Vegetation production models require accurate ground observations, in this context from eddy covariant flux measurement. Eddy covariance is used to measure the net primary production, and gross primary productions of plant populations. Advancements in technology have allowed for minor fluctuations resulting in a scale of 100-2000 meter measurements of air mass and energy readings. Study of the carbon cycle on vegetated growth and production is vitally important to both growers and scientists.
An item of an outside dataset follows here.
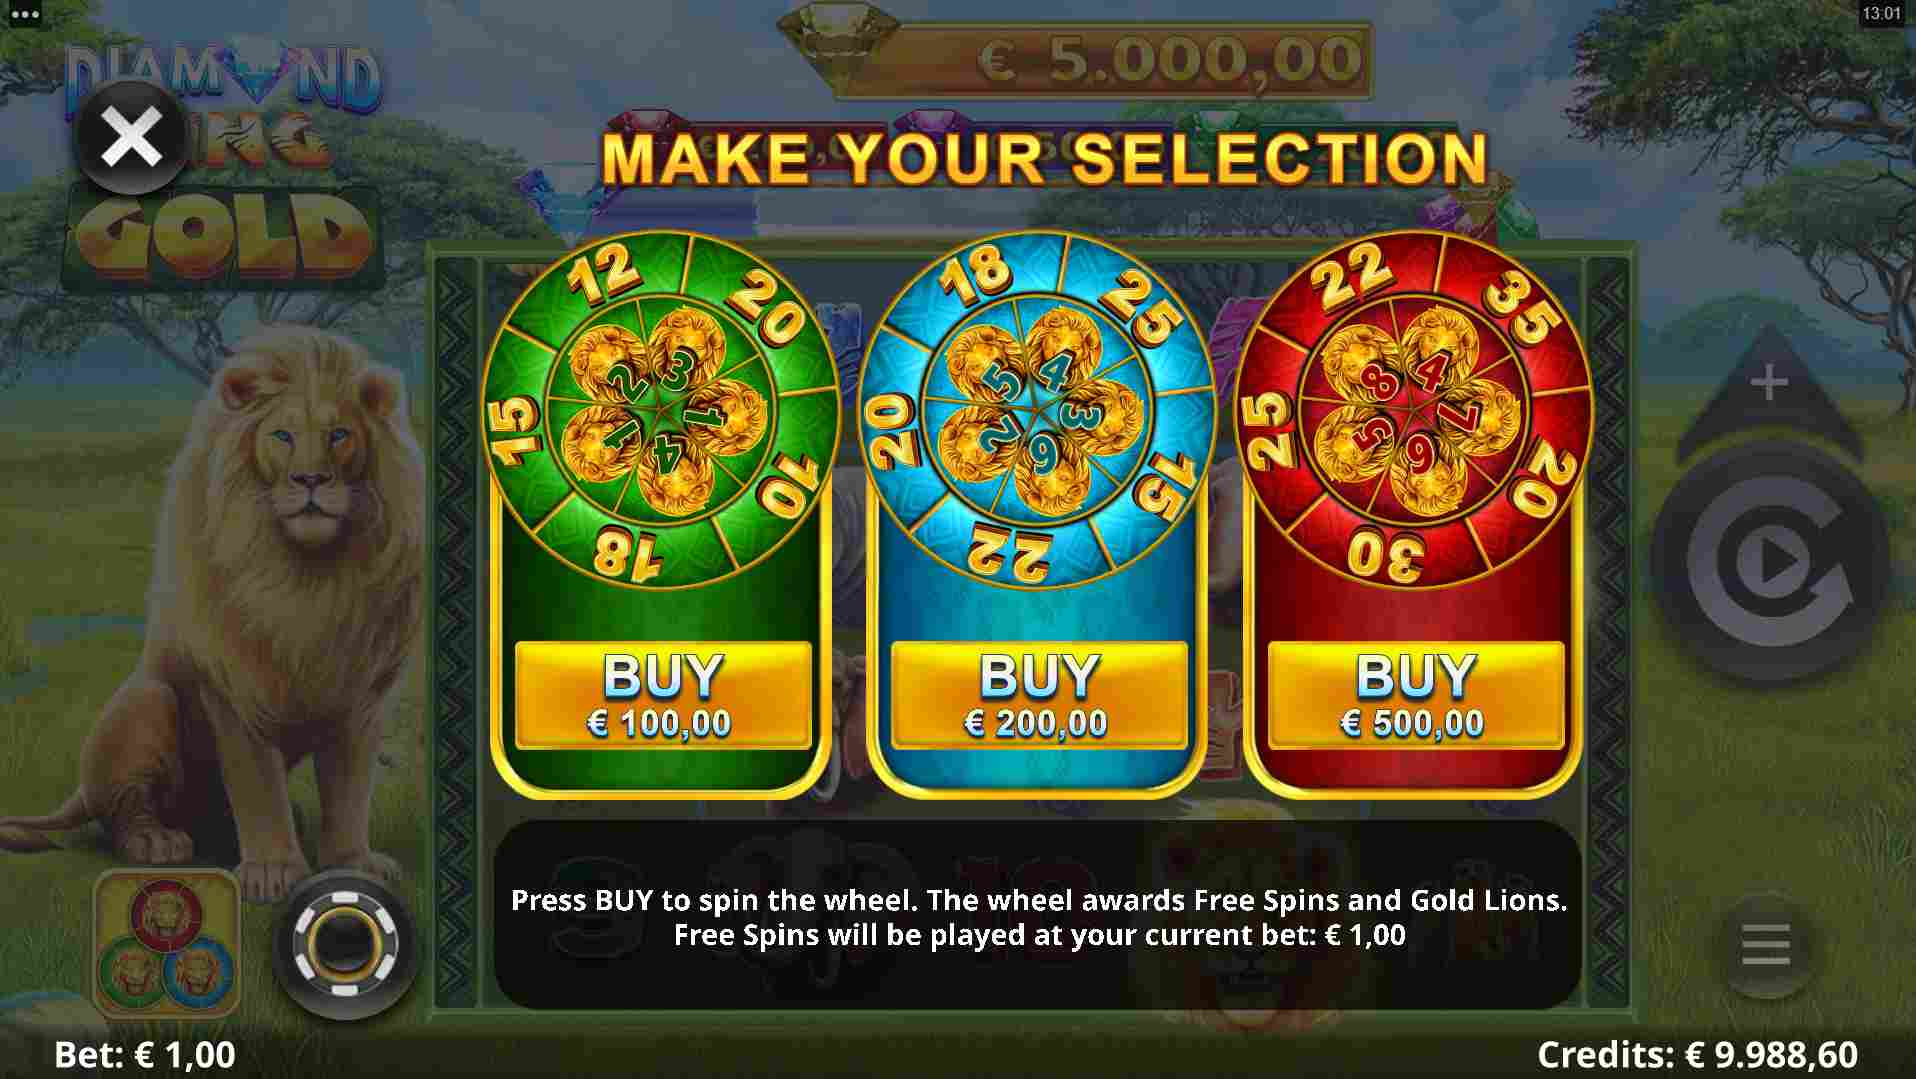 Diamond King Gold Bonus Buy Options

Using such information carbon flux between ecosystems and the atmosphere can be observed, with applications ranging from climate change to weather models.

Related methods

Eddy accumulation

True eddy accumulation 
The true eddy accumulation technique can be used to measure fluxes of trace gases for which there are no fast enough analysers available, thus where the eddy covariance technique is unsuitable. The basic idea is that upwards moving air parcels (updrafts) and downwards moving air parcels (downdrafts) are sampled proportionally to their velocity into separate reservoirs. A slow response gas analyser can then be used to quantify the average gas concentrations in both updraft and downdraft reservoirs.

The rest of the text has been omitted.